Zinnia elegans mesophyll culture

Introduction of a technique to explore TE development

In 1980, the Zinnia elegans xylogenic cell culture was introduced as a technique to explore the process of TE development in vitro, which succeeded in obtaining a differentiation rate of 30% (Fukuda and Komamine 1980). Studies by Twumasi et al. (2009) successfully improved the differentiation rate and reproducibility of in vitro-formed TEs to 76%, attributing this feat to four factors, including the conditioning of the mesophyll culture, utilizing a cell density of 105 cells.mL− 1 or higher, selection of a cell viability of 60% or above, and the correct phytohormonal balance. The processes required to produce TEs from Z. elegans mesophyll cells are comprised of three broad stages, namely (I) dedifferentiation of mesophyll cells, (II) transdifferentiation of procambial-like cells and (III) PCD with lignification, each of which is associated with disparate morphological, physiological, biochemical, and molecular events (Pesquet et al. 2013).

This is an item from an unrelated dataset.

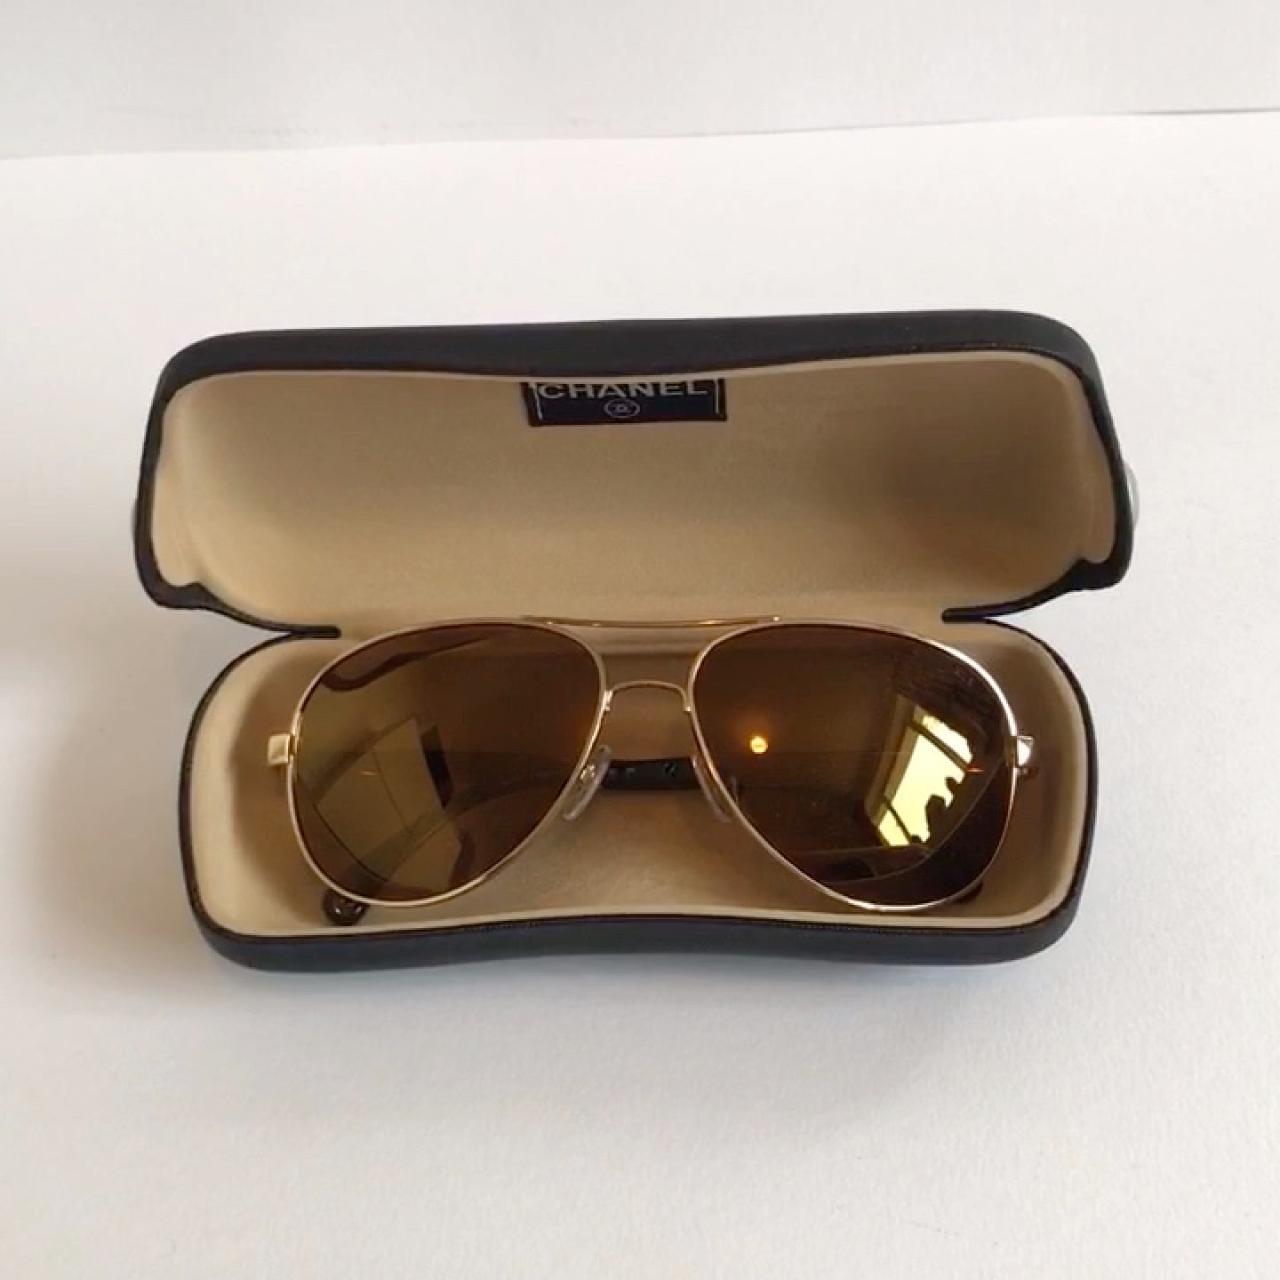 Chanel - Sunglasses - Style: Aviator - Frame: Gold - Depop

Establishment of xylogenic mesophyll cell cultures

Zinnia cultures are initiated via the mechanical isolation of mesophyll cells from the first true leaves of seedlings, typically at 14-d old (Kärkönen et al. 2011). During the isolation procedure, the leaves are removed, surface-sterilised with 0.05% sodium hypochlorite (NaOCl), with or without 0.01% Triton X-100, and macerated in a blender, prior to transfer into either conditioning or differentiation medium (López-Serrano et al. 2004; Twumasi et al. 2010; Pesquet and Tuominen 2011). Conditioning medium, as described in Twumasi et al. (2009), which contains no plant growth regulators (PGRs), is considered an essential component for successful induction of mesophyll cells into TEs and is conducted for a brief culture period prior to transfer into medium containing PGRs. The mechanical wounding incurred during isolation is essential, as this triggers the onset of stage I, where mesophyll cells lose their photosynthetic ability, dedifferentiate and increase in responsiveness to auxin and cytokinin (Fukuda 1997, 2010). Once established in vitro, the dedifferentiated mesophyll cells comprise of a homogenous cell type and possess the potential for synchronous transdifferentiation into TEs in an orderly sequence of events (Iakimova and Woltering 2017).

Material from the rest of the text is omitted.